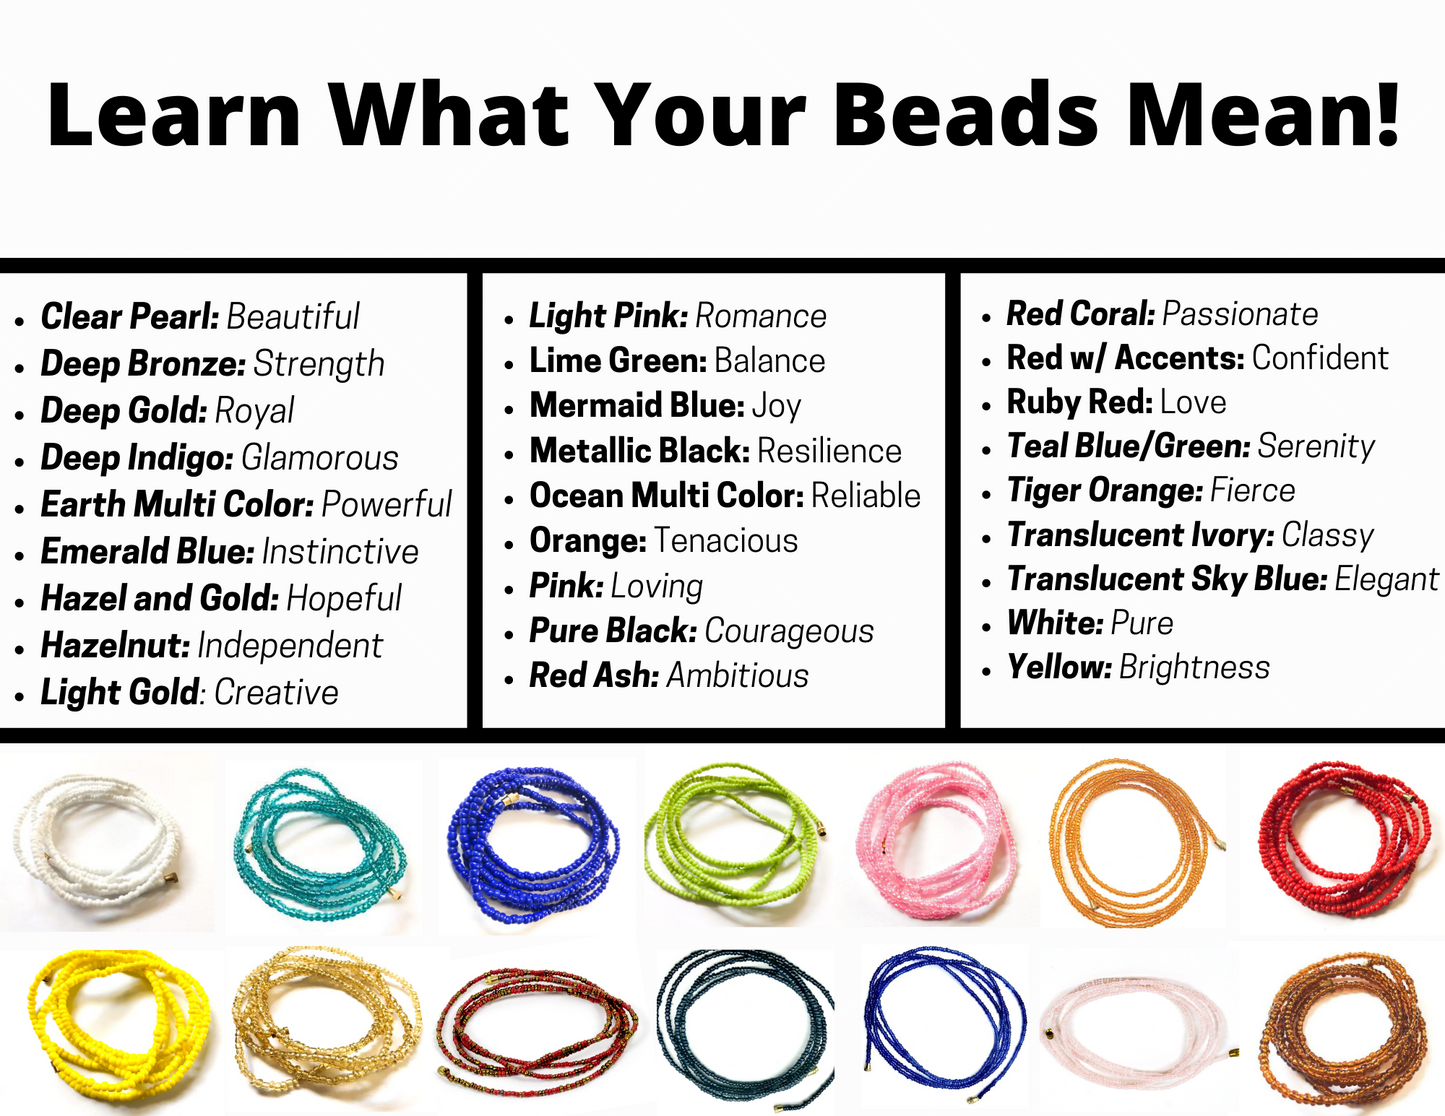 Deep Indigo! African Waist Beads / Necklace / Bracelet / Anklet
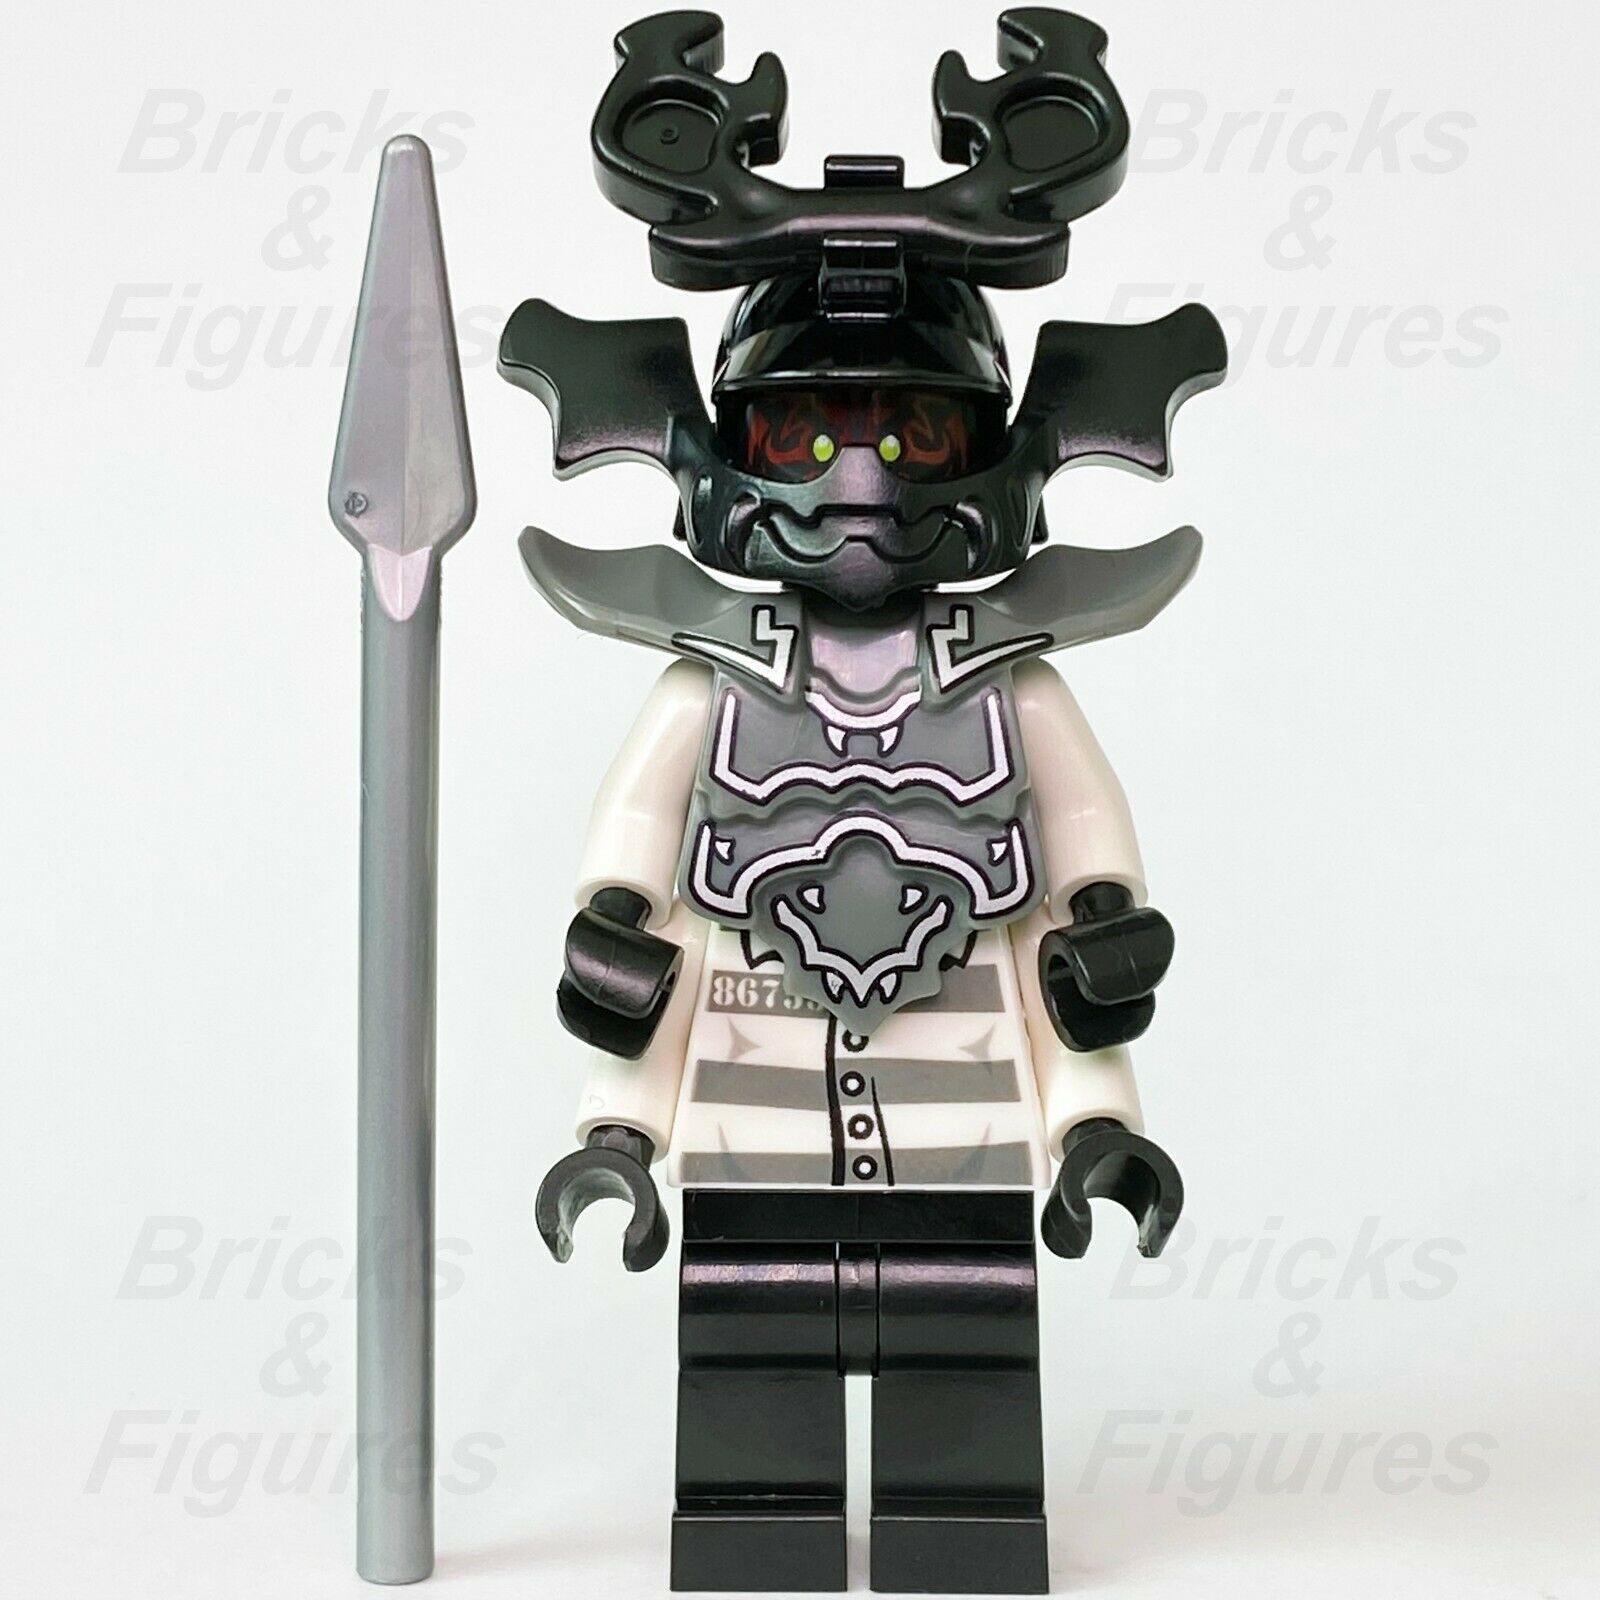 New Ninjago LEGO Giant Stone Army Warrior with Spear Skybound Minifigure 70591 - Bricks & Figures
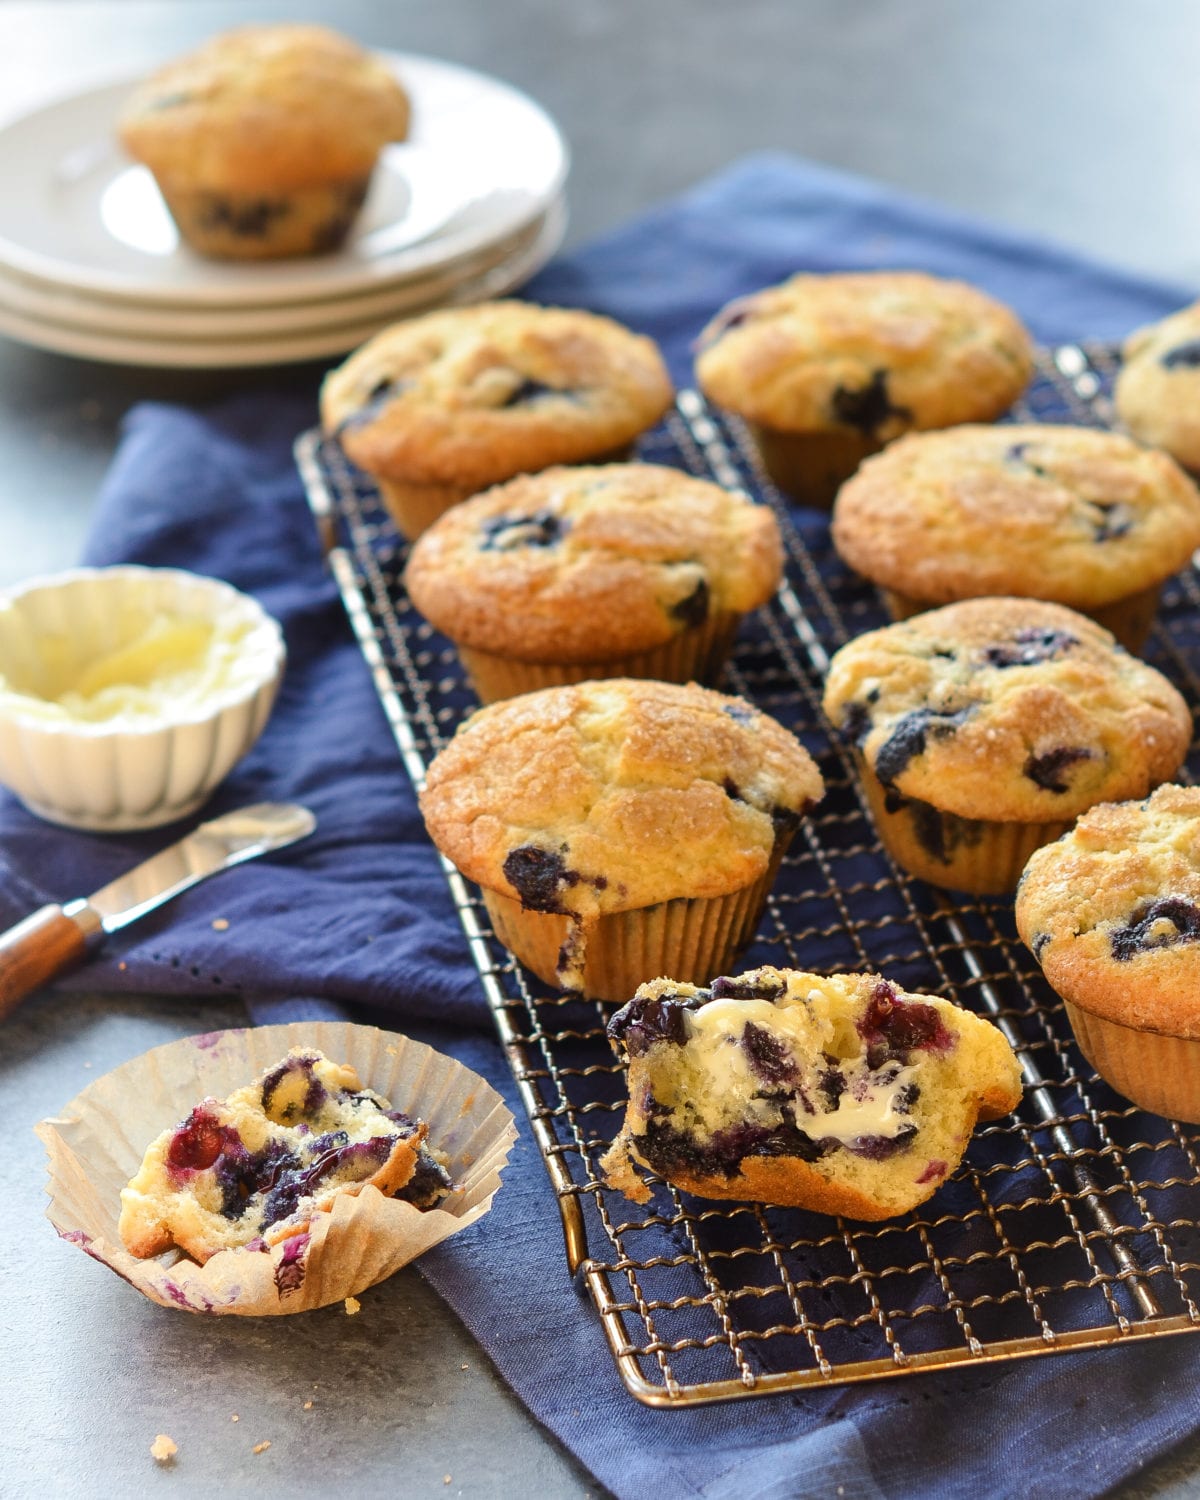 https://www.onceuponachef.com/images/2014/07/Best-Blueberry-Muffins-1-1200x1500.jpg
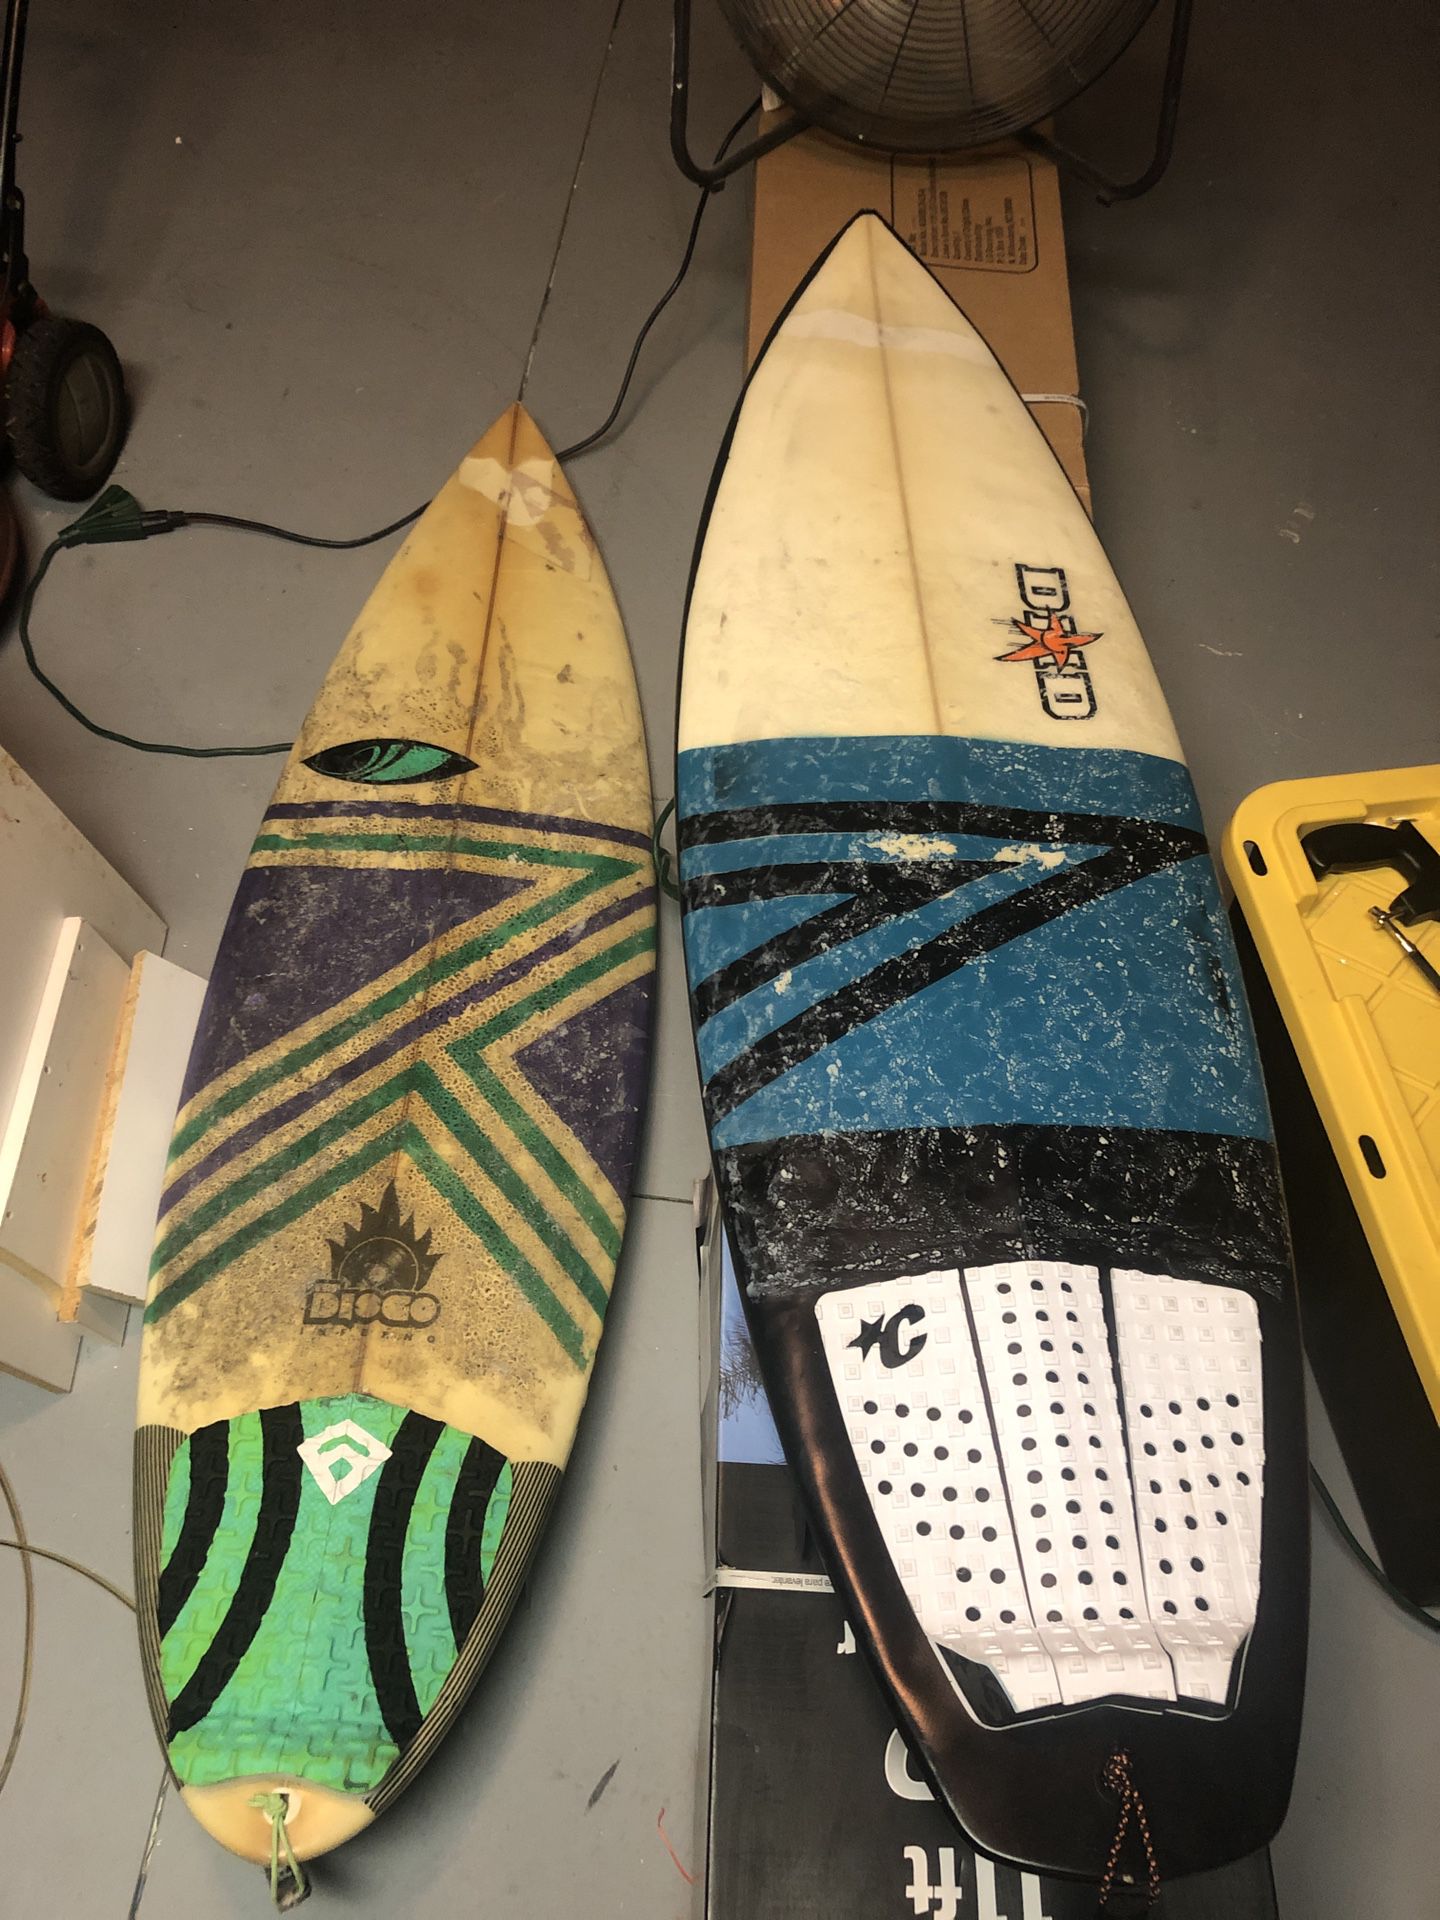 Surfboards 4 sale

Task item
Output the whole listing exactly. Pictures stay out.

Problem solution
 Deep Indigo! African Waist Beads / Necklace / Bracelet / Anklet
 New Ninjago LEGO Giant Stone Army Warrior with Spear Skybound Minifigure 70591 - Bricks & Figures
 https://www.onceuponachef.com/images/2014/07/Best-Blueberry-Muffins-1-1200x1500.jpg
 Surfboards 4 sale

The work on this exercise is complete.